This study tries to evaluate the dynamic image of Klopp from the eyes of football fans. More specifically, I am going to extract tweets about Klopp, posted on last three months, then analyze their contents based on the word frequency, and sentiment analysis. The frequency analysis is done in the first part of this study, and sentiment analysis would remain for the second part.
## [1] "Using direct authentication"
After setting the setup_twitter_oath(), we can go further and extract tweets. I chose 1000 tweets to be extracted, and unfortunately the twitter does not allow to extract tweets that are older than one week. So time span is fixed. The geocode of the users are set to Liverpool city, since I want to know the opinion of Liverpoolians! about Klopp. This would include the fans of the rival team, Everton. In this priliminary study, I do not try to detect and filter the Everton fans.
Some of tweets before any cleaning, and after some cleaning can be read here.

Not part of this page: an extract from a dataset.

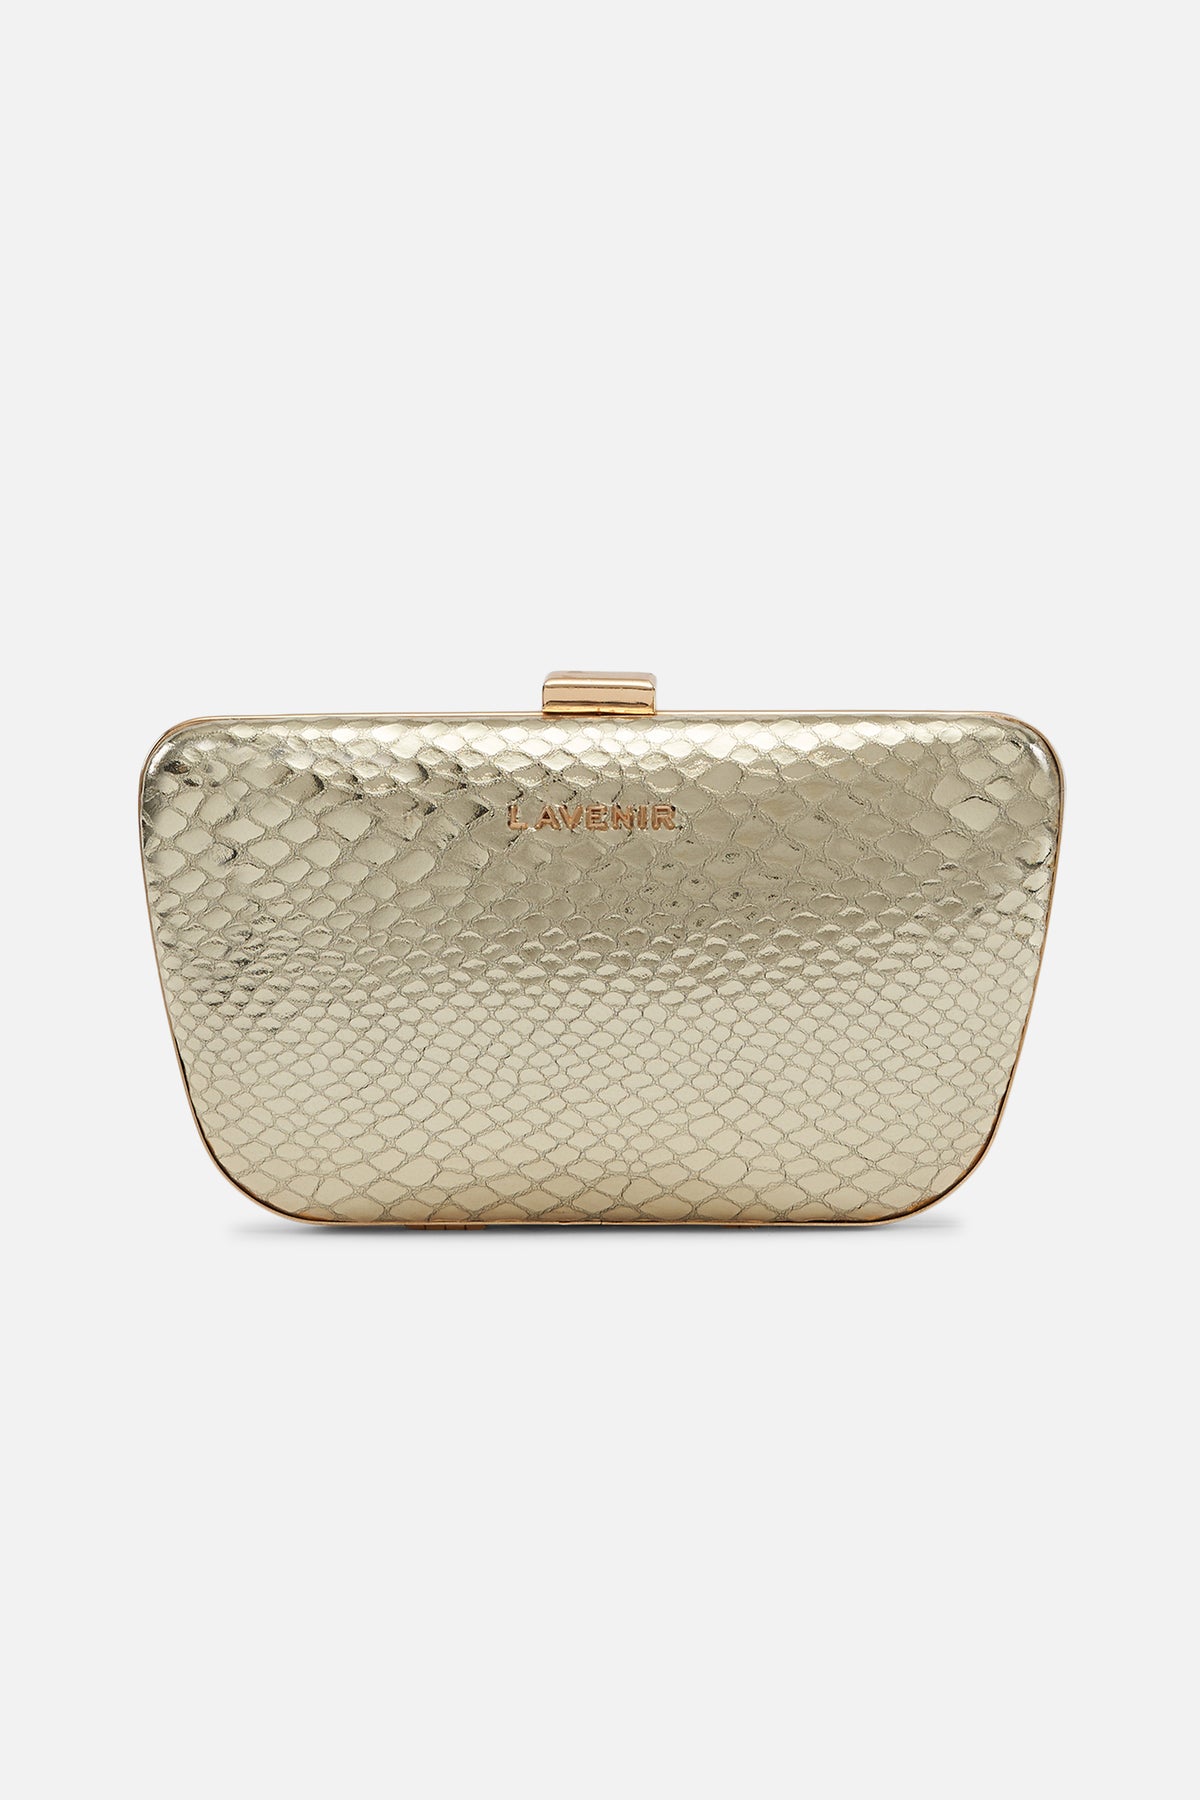 Camila - Leather Box Clutch Bag - Metallic Gold Python Print

## [1] "------Before Cleaning------"
## [1] RT @LivEchoLFC: Was this the game which makes Klopp finally see the light? https://t.co/Hd0y4RQC0l
## [2] @MatthewCharle3 @EFC13wan92 @TheEFCForum The equivalent to the FA Cup. Which Klopp lost 2 finals in. Gotze got inju… https://t.co/oHnF4c5Bzg
## [3] RT @thejamessutton: @TheAnfieldWrap I still believe Klopp will get it right. He just needs to accept that he can’t turn water into wine. \nS…
## [4] RT @LivEchoLFC: 'It's Klopp's responsibility, but also his players, as well as sporting director Michael Edwards.' #LFC https://t.co/Hd0y4R…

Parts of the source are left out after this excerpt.